Quelques heures auparavant, le président iranien, Mahmoud Ahmadinejad, avait donné corps à certaines des menaces évoquées par George Bush. Le président iranien qui, en 2005, avait estimé qu'Israël devrait être "rayé de la carte", a renouvelé ses attaques contre les "sionistes", "un parti souterrain qui a l'argent et les médias".

Bien que Téhéran soit en violation des résolutions du Conseil de sécurité, le président iranien, qui nie toute aspiration à l'arme atomique, estime que "la question du dossier nucléaire iranien est close". "Aujourd'hui, l'Iran est un Iran nucléaire" qui maîtrise l'enrichissement de l'uranium, a-t-il affirmé.

"Ceux qui sont venus [en Irak] pour augmenter leur puissance sont en train de la perdre", a poursuivi le dirigeant iranien, qui a prédit qu'il y aurait bientôt "un vide dans la région" qu'il s'est offert de "combler, avec l'aide d'amis voisins et de la nation irakienne".


Interrogé sur les propos de Nicolas Sarkozy, qui avait évoqué un éventuel – mais "catastrophique" – bombardement de l'Iran, M. Ahmadinejad a répliqué que le président français manquait "d'expérience, ce qui veut dire que, peut-être, il ne comprend pas vraiment le sens de ce qu'il dit".


SECOND DISCOURS EN SEPT JOURS

Alors que le Congrès américain s'apprête à examiner, à partir du 10 septembre, les résultats de la stratégie présidentielle, qui a consisté à envoyer 30000hommes de plus en Irak, le président Bush a enjoint "ceux qui se demandent si le combat en cours en vaut la peine" de considérer l'alternative, telle qu'il la présente : un Proche-Orient offrant des "sauf-conduits" aux terroristes, lesquels contrôleraient "une part clé des ressources énergétiques" et pourraient "prendre en otage" l'économie mondiale ou utiliser des milliards de dollars de revenus pour acheter des armes.

George Bush répète que sa "nouvelle stratégie produit des résultats en matière de sécurité". Il reconnaît que, sur le front politique, les exigences de progrès formulées par le Congrès n'ont pas été satisfaites, mais demande plus de temps.
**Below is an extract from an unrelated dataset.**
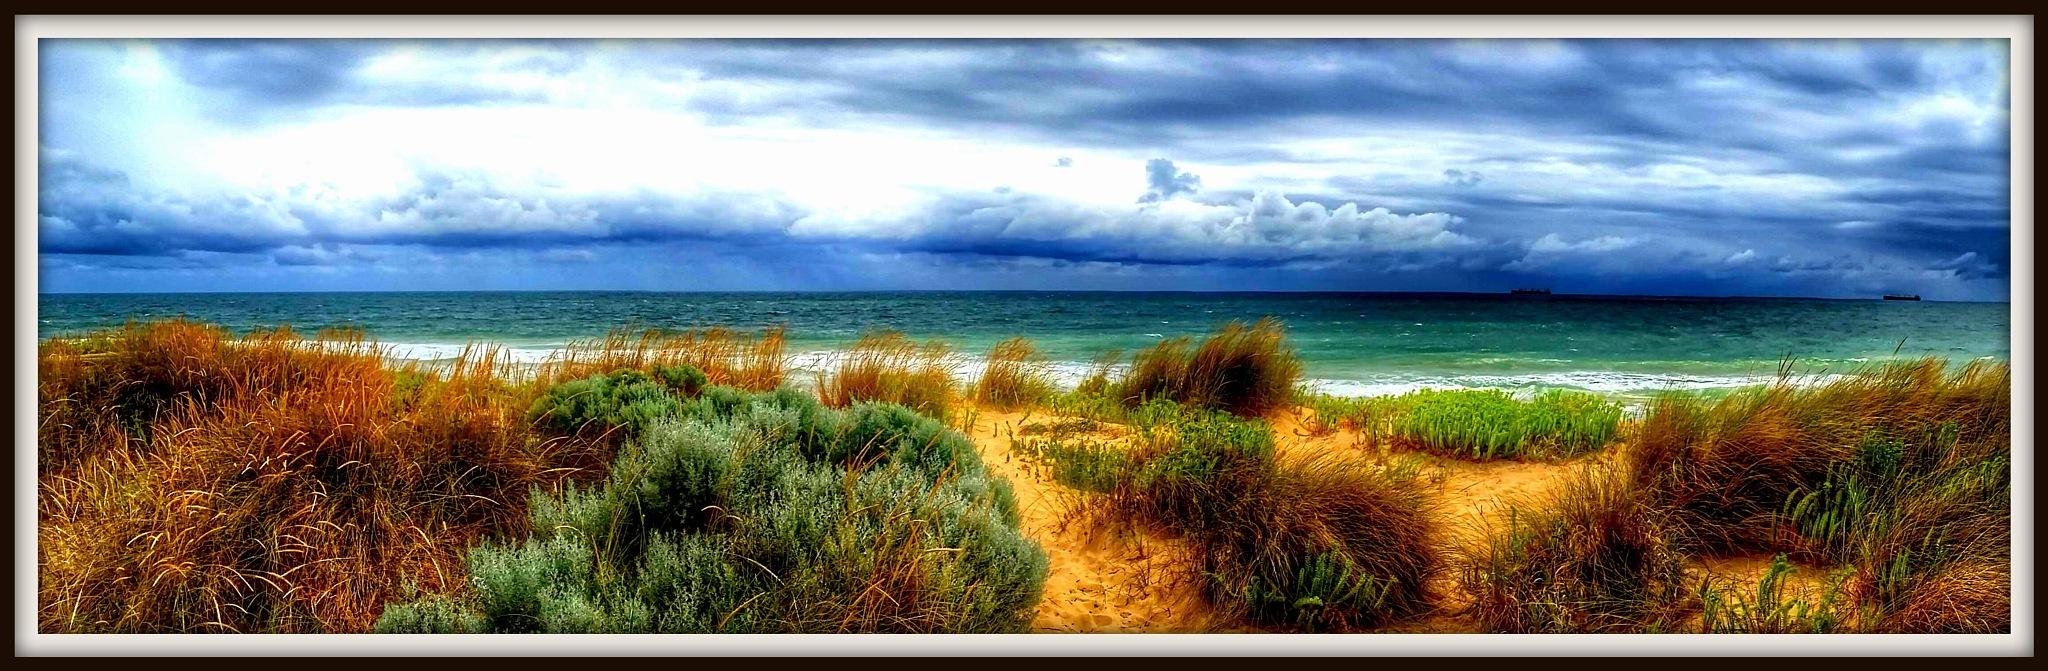 Seascape by Kathleen Audrey Lane
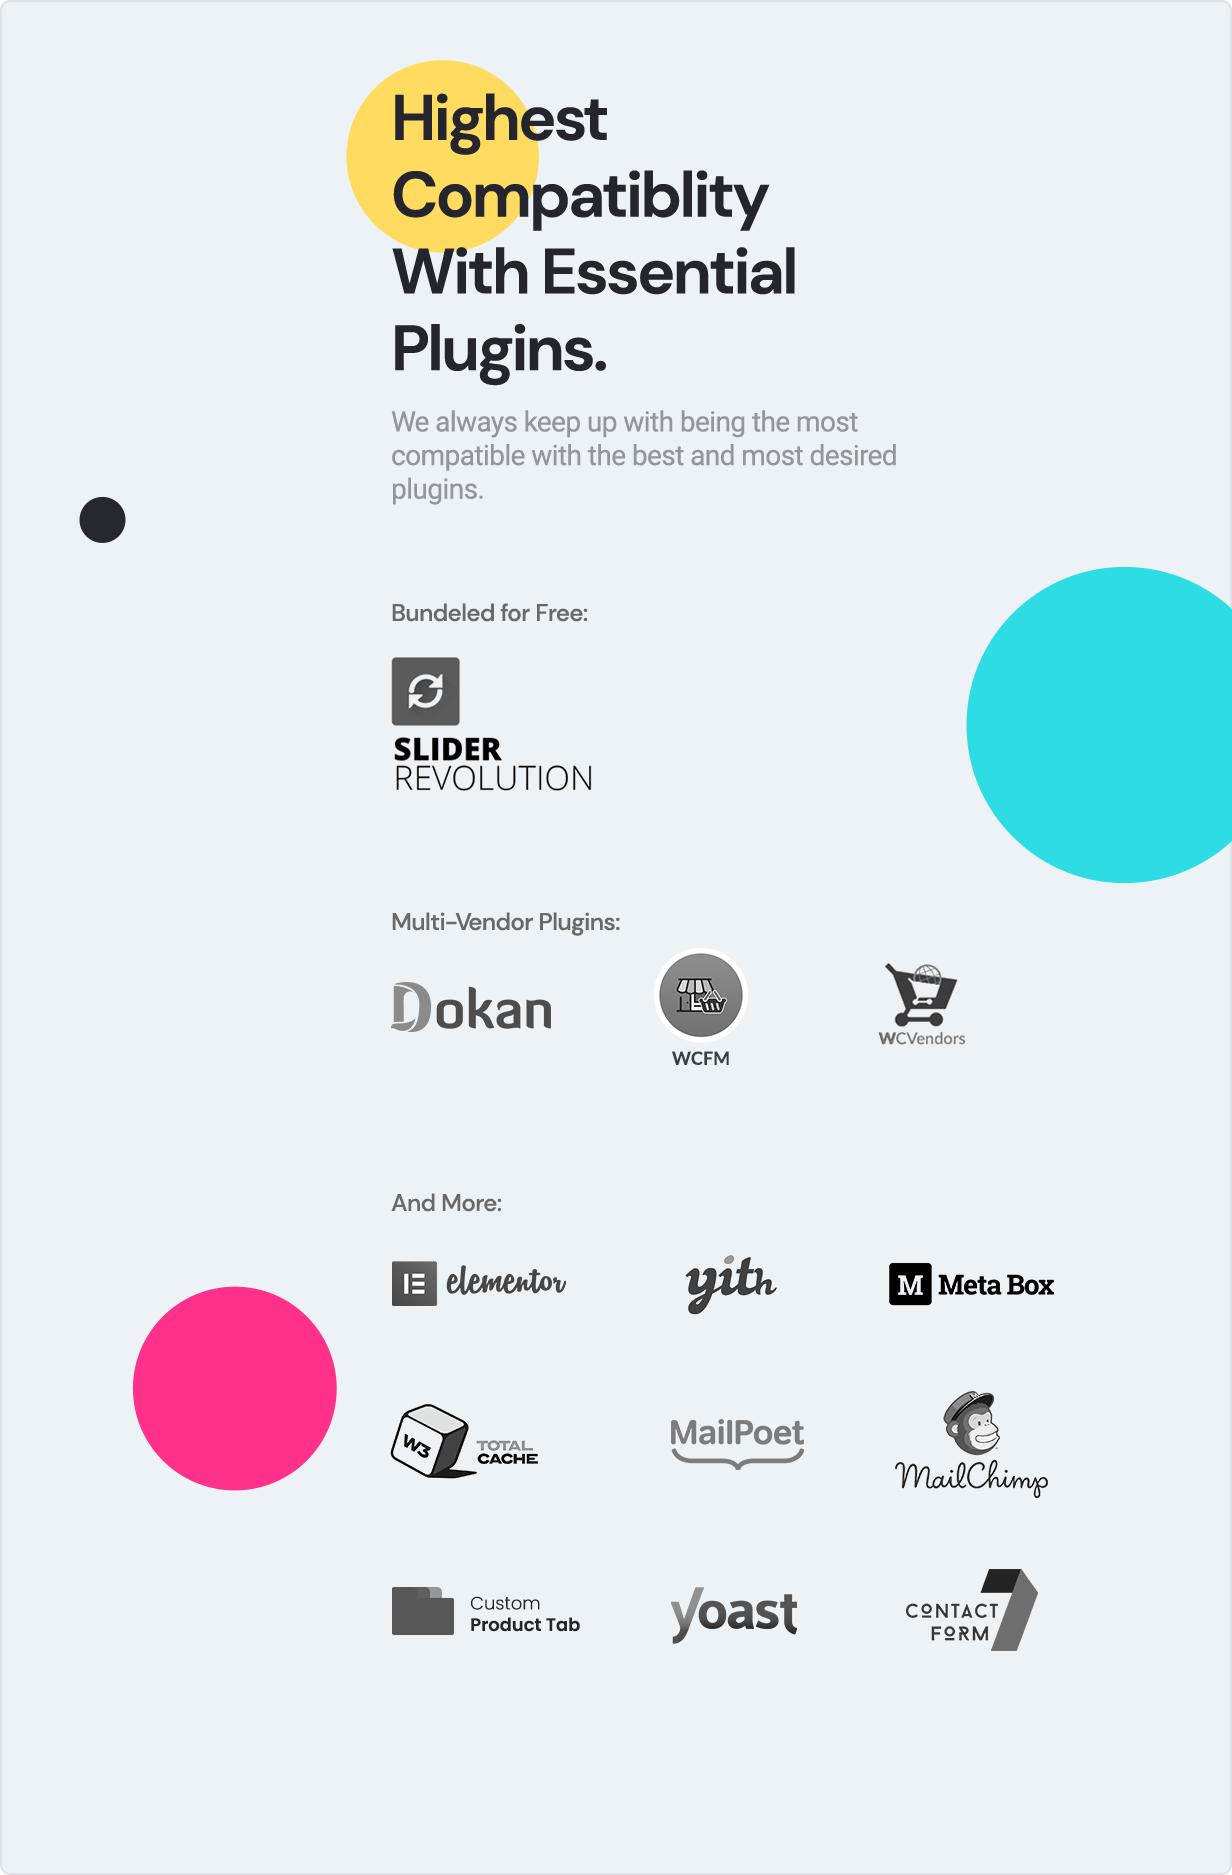 teta - WooCommerce WordPress Theme - Compatibility Plugins

Le président américain, dont c'est le second discours sur ce thème en sept jours, a bénéficié d'une couverture de presse cette fois plus réduite et résolument sceptique.

"Le président continue à poursuivre obstinément une stratégie défectueuse qui a embourbé nos troupes dans une guerre civile en Irak et a diverti notre attention, tandis qu'Oussama Ben Laden et Al-Qaida se renforcent", a pour sa part déclaré le chef de la majorité démocrate au Sénat, Harry Reid. Ces dernières semaines, plusieurs ténors républicains ont également appelé l'administration Bush à reconsidérer sa stratégie.